Thursday, April 2, 2009

Will the recession close museums?

Well that’s what we would all like to know! It’s interesting trying to read this one, particularly as the evidence coming from different parts of the world is different.

In Australia the good news is that so far, at state and national level, there seems to be limited effect. Yes, the sponsorship monies are drying up, so expansionary measures are on hold, but ongoing government funding is remaining reasonably steady (as one would expect given government interest in stimulating the economy). At local council level, again there seems to be only limited reduction in funding, but my guess is that these local museums and galleries will find it increasingly tough largely through their small size, meaning that a staff cut often results in a whole area of operation having to be curtailed.

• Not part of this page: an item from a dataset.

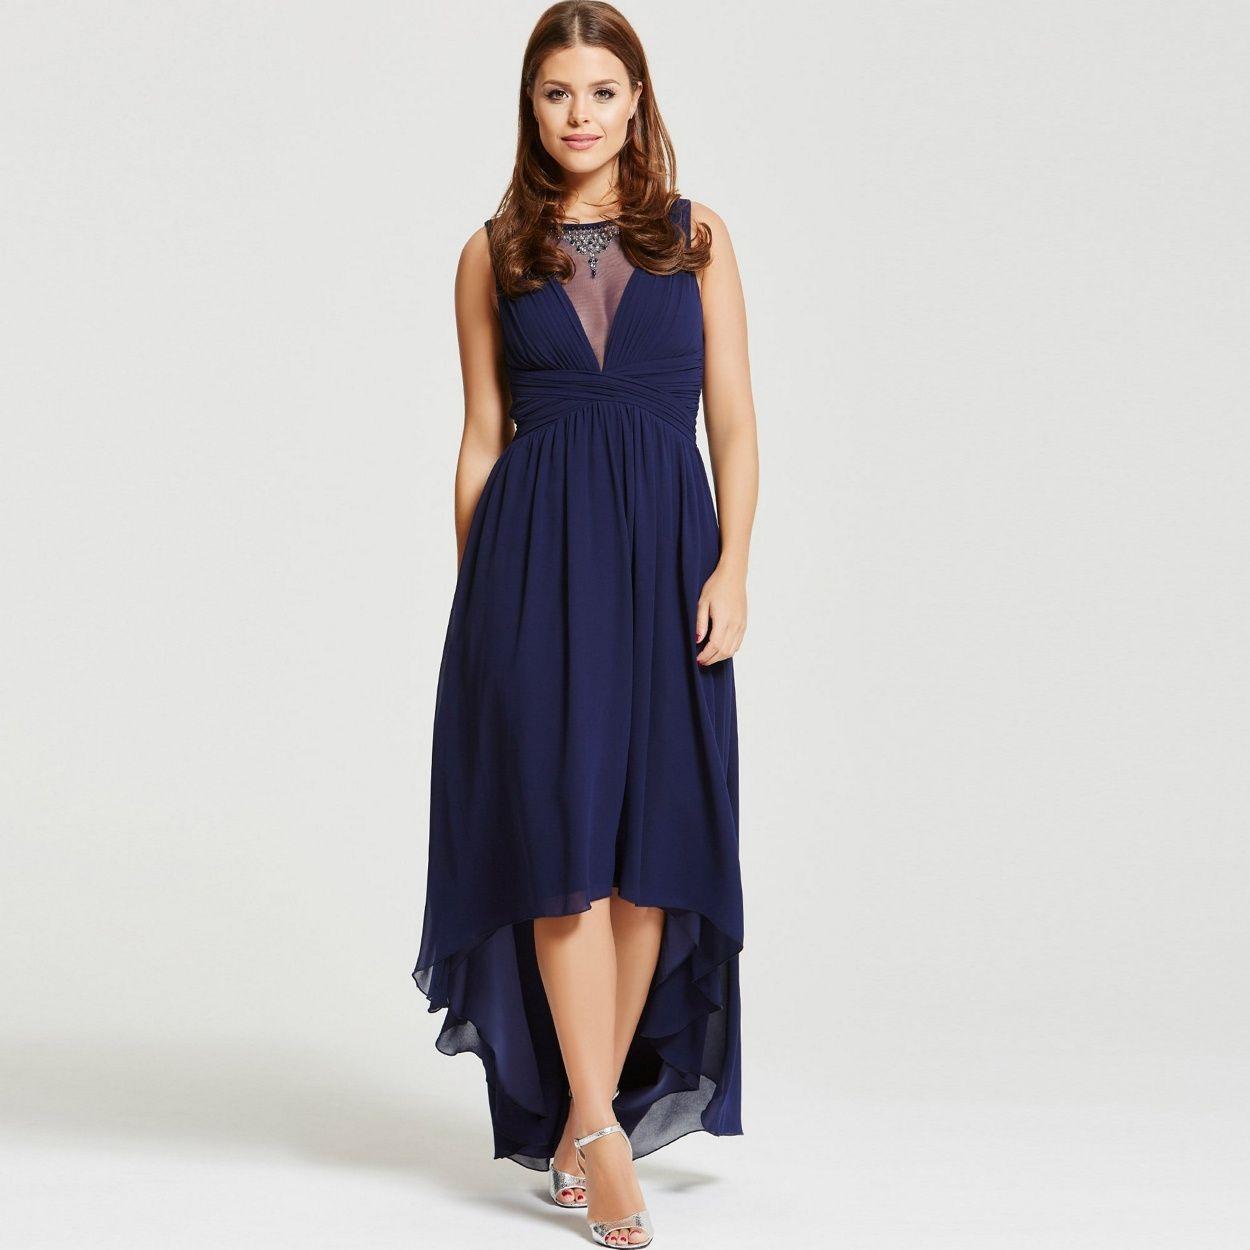 Black dress debenhams - Black Lace Bodice Dip Hem Maxi Dress
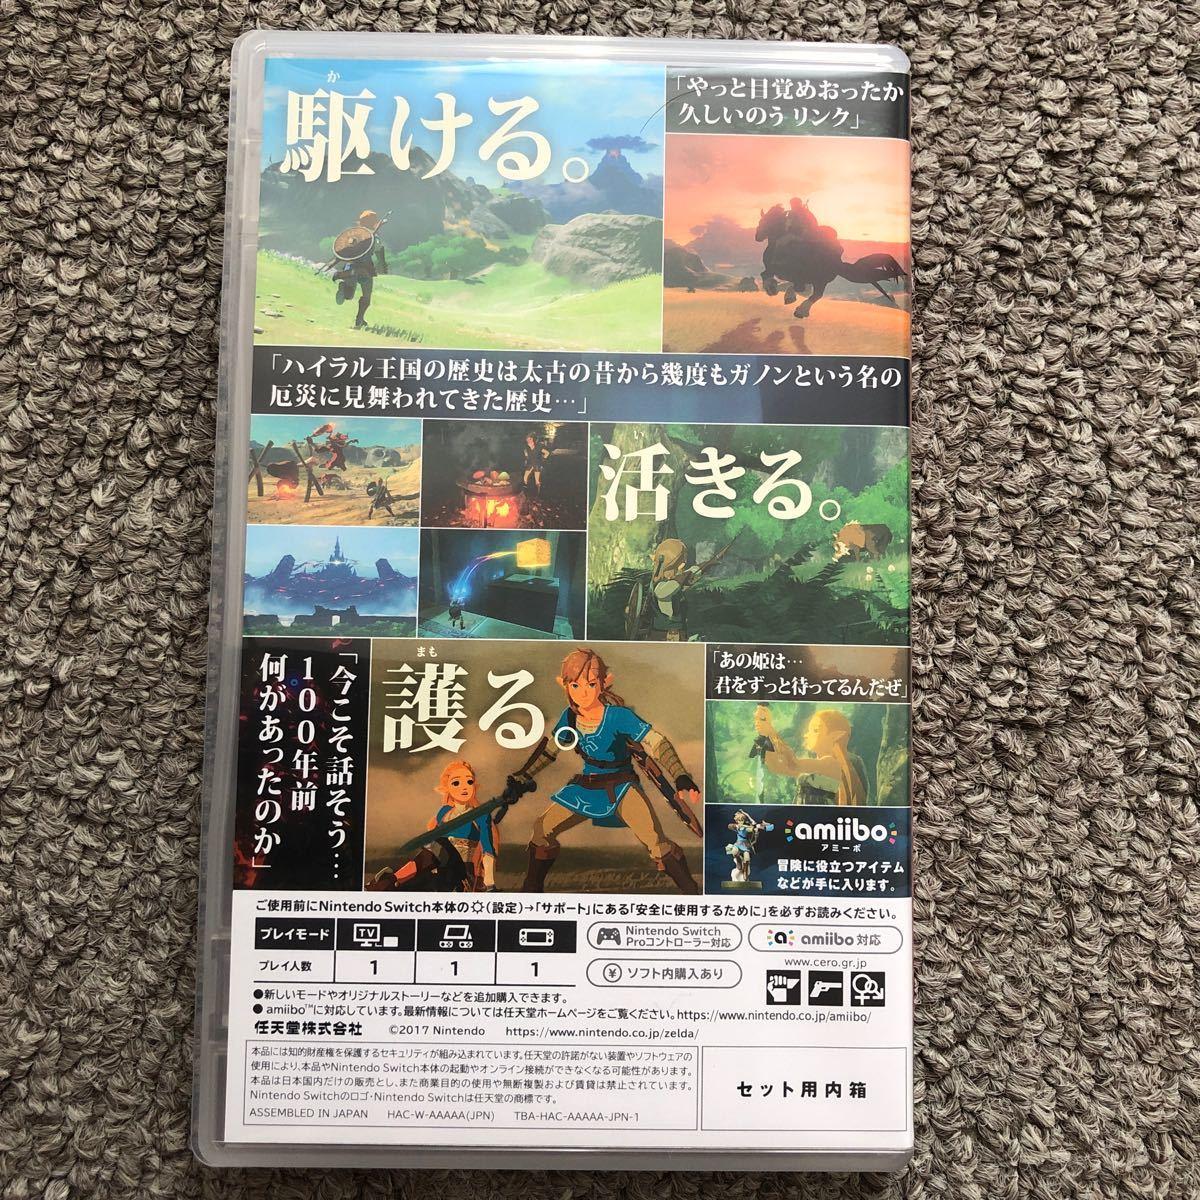 【Switch】 ゼルダの伝説 ブレス オブ ザ ワイルド [冒険ガイドブック&マップ付き]

In the US, the news is not at all good. Because so many museums there are owned by private philanthropic trusts, revenue has literally dried up, and there is increasing talk of institutions closing (though no examples yet cited). This comes at the same time as sponsorship is dramatically falling along with demand for commercial hire of venues, including those lucrative corporate private openings. The American Association of Museums recently ran a web conference entitled Museums Rising to the Financial Challenge covering such pertinent topics as retrenchment, realignment and reinvention.

The UK is also looking worried, especially as it has come at a time that the museum sector, having enjoyed some relatively well funded times (the successful Renaissance in the Regions program being one example), was already facing funding cuts. The cuts were largely driven by the massive blow out of the cost of the Olympics, which is especially ironic given the cultural Olympiad that is meant to go with it.

So overall a bit of a mixed bag. The biggest issue in my view is that the amount of public debt being created by the various fiscal stimulus packages around the world, is going to saddle future governments with massive debt repayment costs, and THAT is where the danger for museums is really going to come from, i.e being starved on funds as we come out of the recession and for years to come.